Consider block(local(x), assume(x<0), sign(x)); facts(); sign(x);
Then maxima says that there is a fact x < 0 but after the end of block this fact should be removed as this is an assumption with respect to a local variable (there is the command "forget" to do this).
At the end sign(x) says that the sign of x is unknown which is the correct result.
Let me now explain two other problems:
assume(x > 0); asksign(x + 1); Here maxima knows that the sign is pos.
assume(a>b); asksign (a-b+1); Here maxima does not know the sign.
assume(x>0); assume(0 > x + 1); Here maxima knows that this is inconsistent.
assume(a>b); assume(b > a + 1); Here maxima does not see a problem.
Since asksign is often used by other functions it were nice if these things would work.
Often the only way to stop a function to ask signs is to say that it is zero because if you say for example that a-b+1 is positive, it will ask you the sign of a-b+2 etc.
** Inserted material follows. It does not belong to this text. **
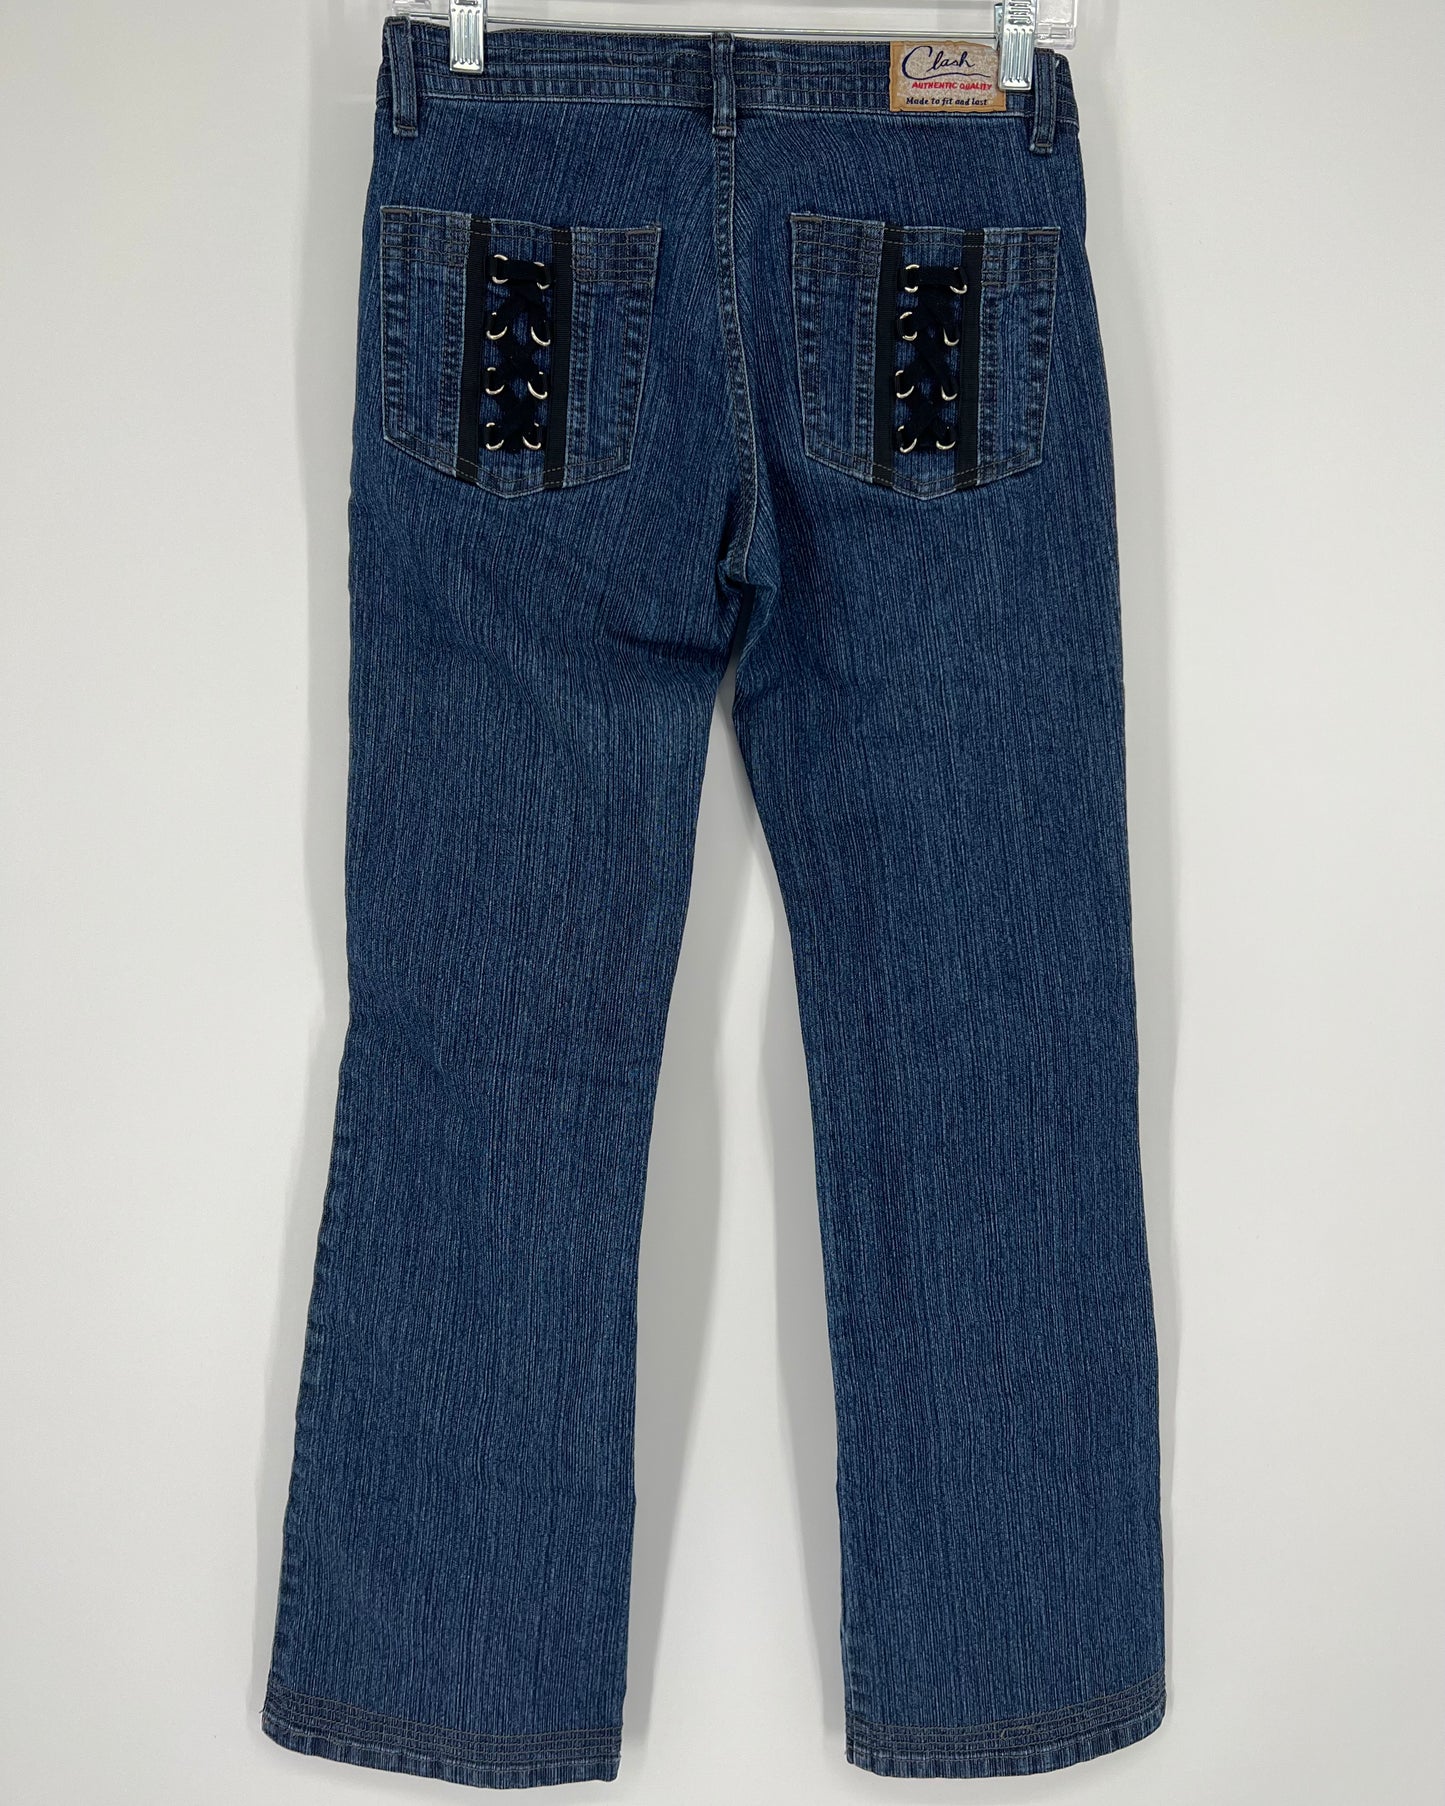 Vintage 90s Y2K Clash Lace Up Grunge Bootcut Jeans Sz: 5

My suggestion for the implementation, explained on the examples:
assume(a>b);
asksign (a-b+1);
1) declare res, x as local variables, assume(x > 0) (local assumption, they should be removed when going out of the block)
2) Search through all facts (in my example there is just the fact assume(a>b))
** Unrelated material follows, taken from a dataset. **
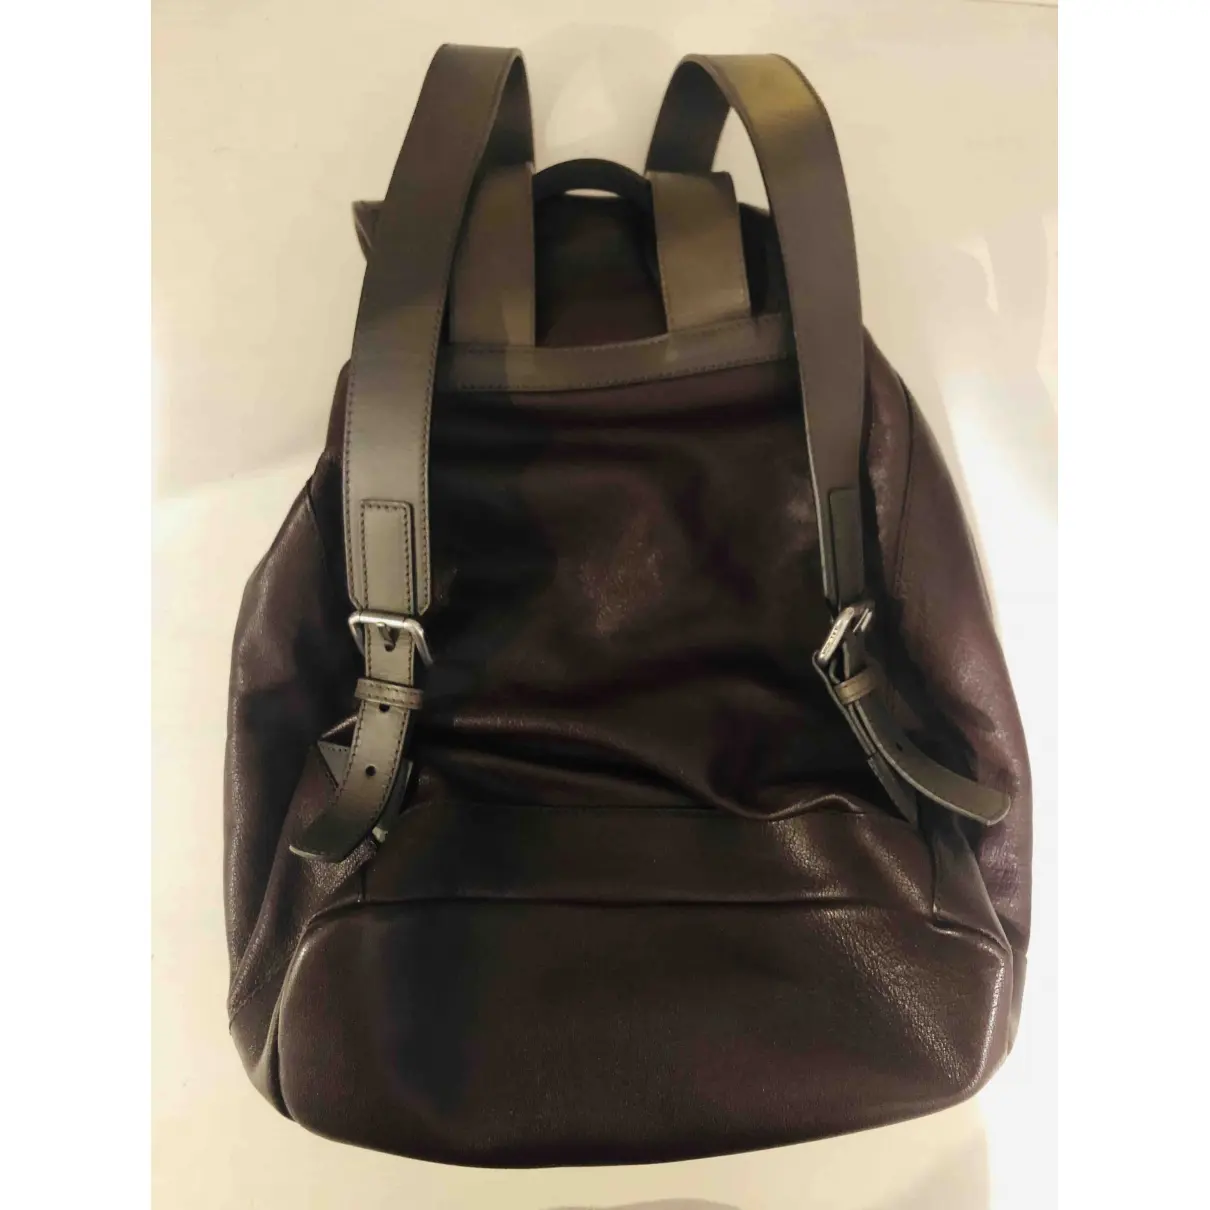 Leather bag Giorgio Armani

a) Bring it under the form a - b > 0
b) res : ratsubst(x, a-b, a-b+1);
c) If sign(res) is not equal to pnz, then return sign(res).
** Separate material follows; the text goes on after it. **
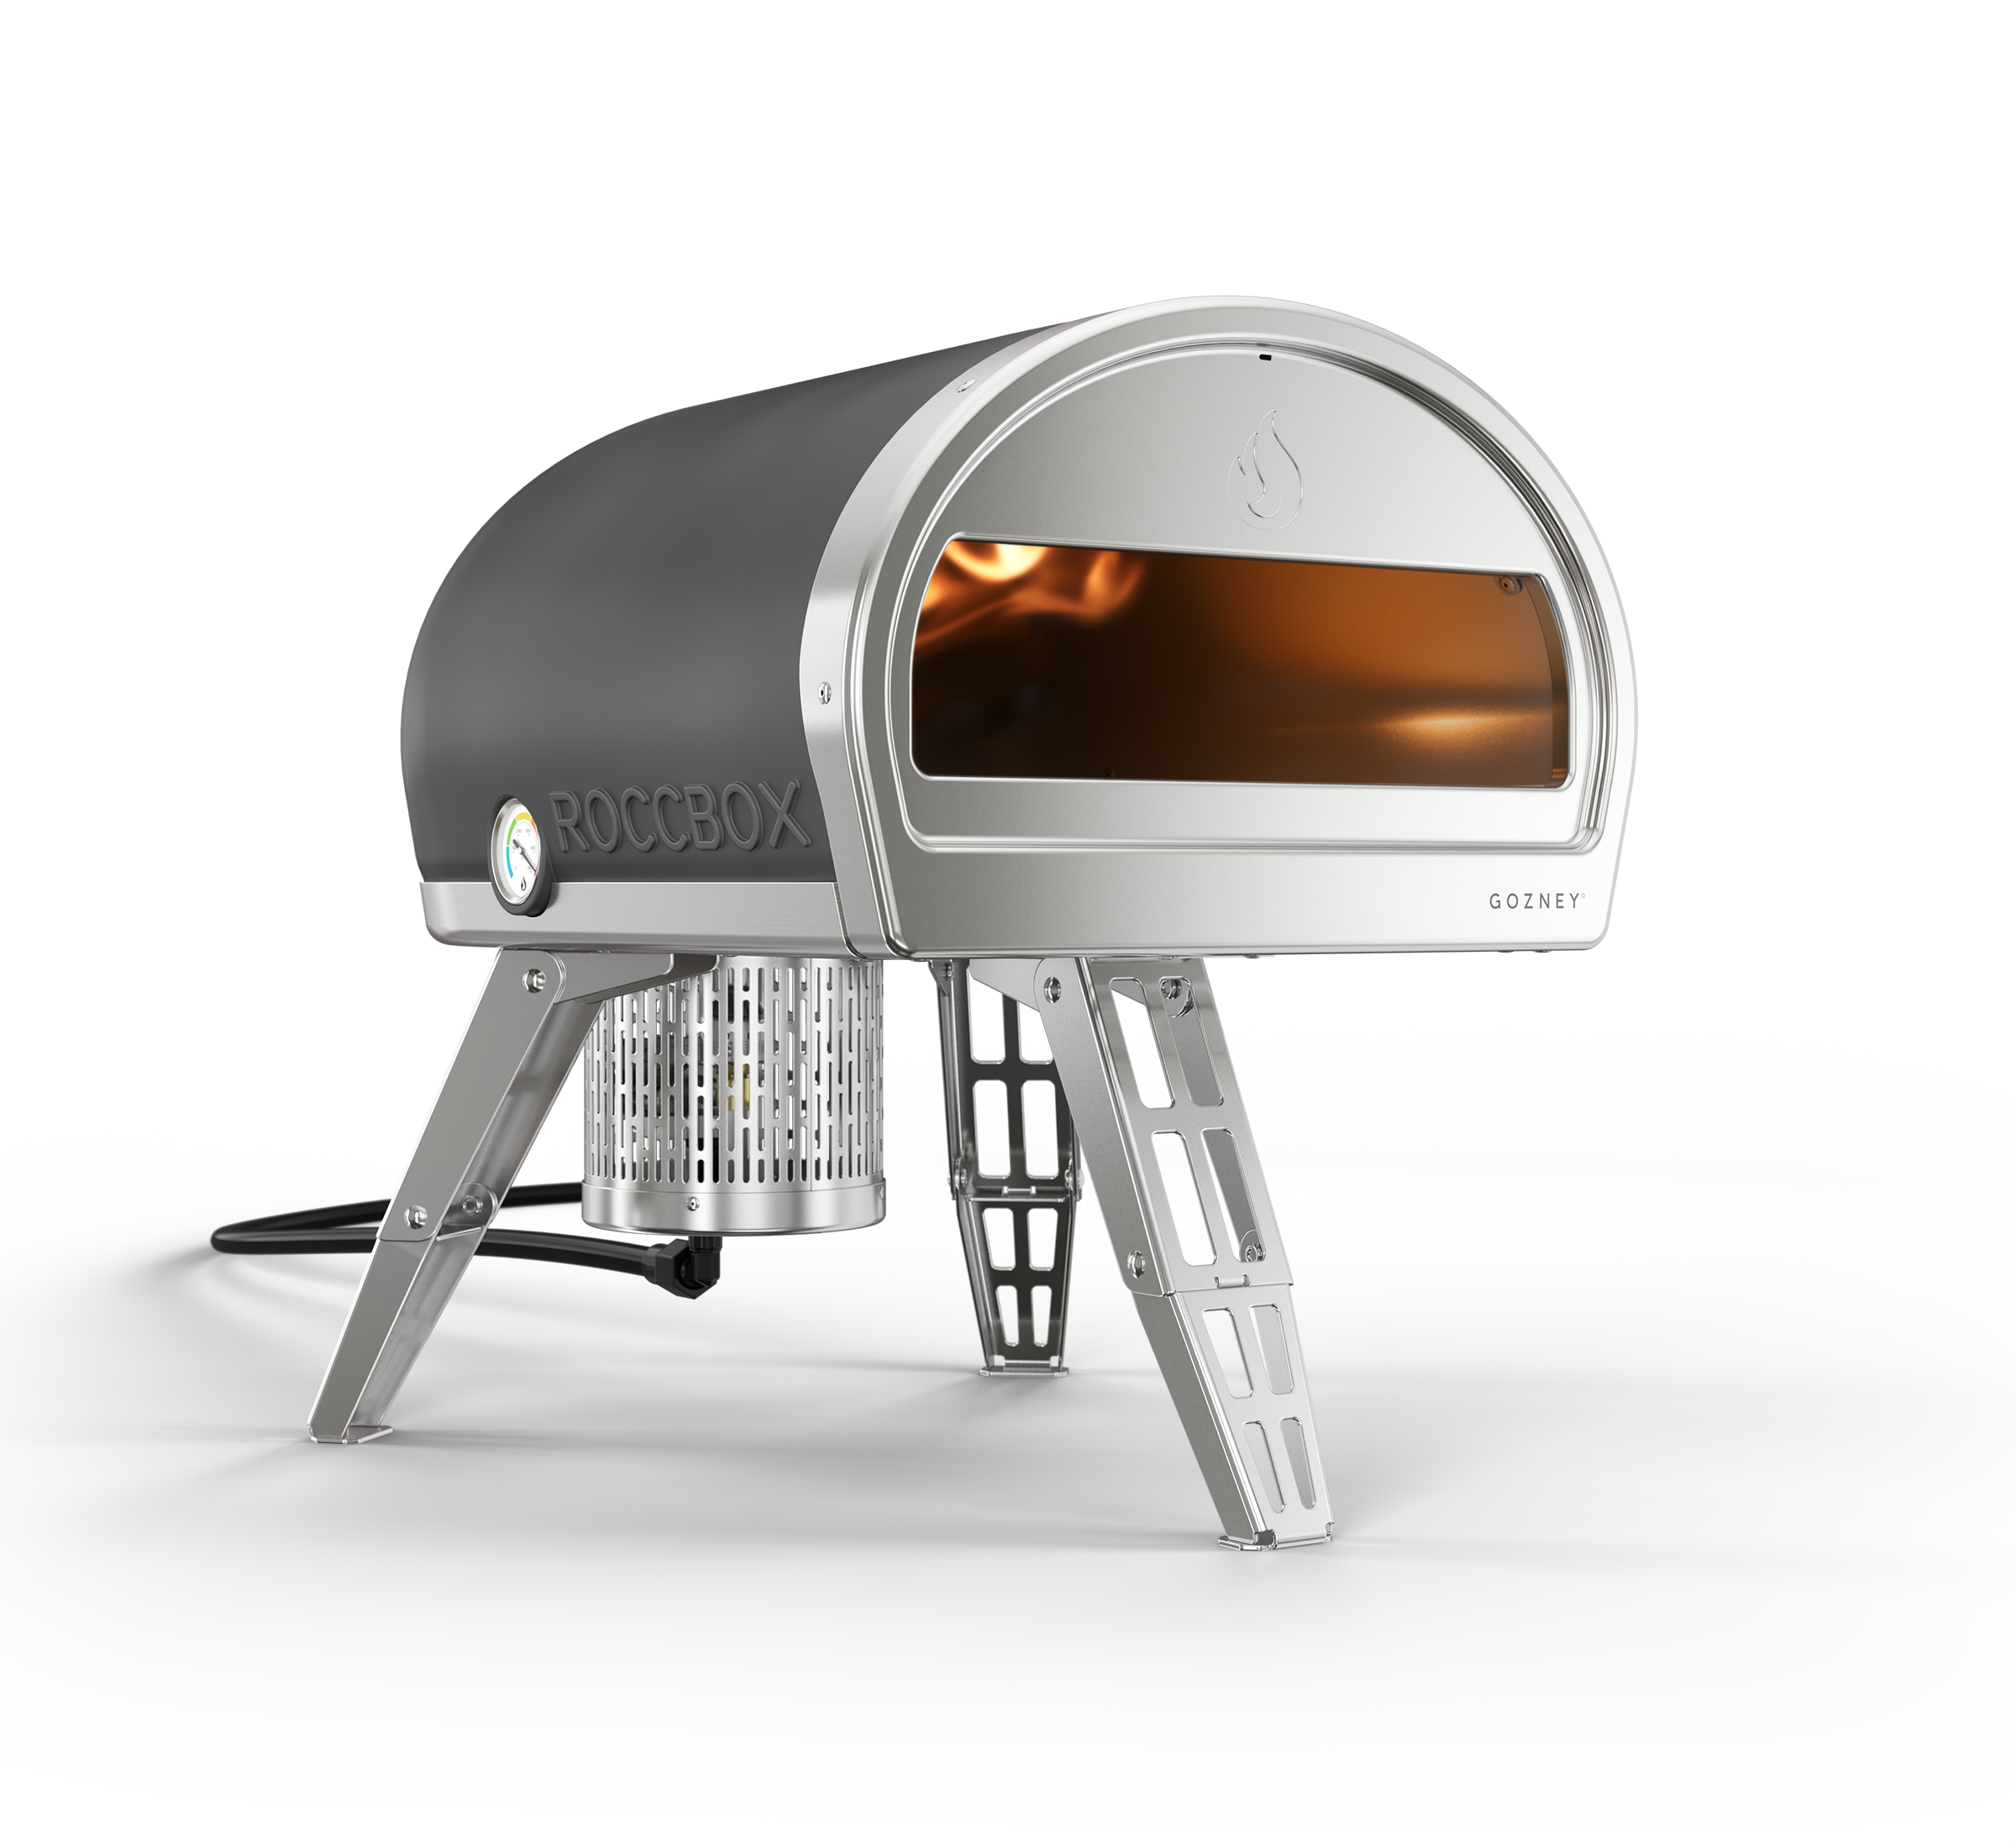 Gozney Roccbox Portable Pizza Oven - Gray Color

If at the end no sign has been determined, ask the user.
Remark: res = x + 1 so sign(res) = sign(x + 1) = pos
To test if it works, try
1) assume(-x^2+y+2z<0); asksign(-2z-y+x^2+1); The result should be pos.
2) assume(u-3v>0); asksign(-(u-3v)-1); The result should be neg.
Fact: assume(a>b);
We enter next: assume(b > a + 1);
1) declare res, x as local variables, assume(x > 0) (local assumption, they should be removed when going out of the block)
2) Bring b > a + 1 under the form b - a - 1 > 0
2) Search through all facts (in my example there is just the fact assume(a>b))
a) Bring it under the form a - b > 0
b) res : ratsubst(x, a-b, b - a - 1);
c) If sign(res) is not pos, then return [inconsistent].
If at the end no problem has been determined, then save the new assumption.
Remark: res = -x-1 so sign(res) = neg and [inconsistent] is returned.
Best regards
local does not work for "assume" variables, because assume maintains a global database. To control visibility of assumptions, use the context family of functions (?? context). The problem here is that local does not actually create a new local variable. It reuses the existing one, and saves and restores its properties. All problematic....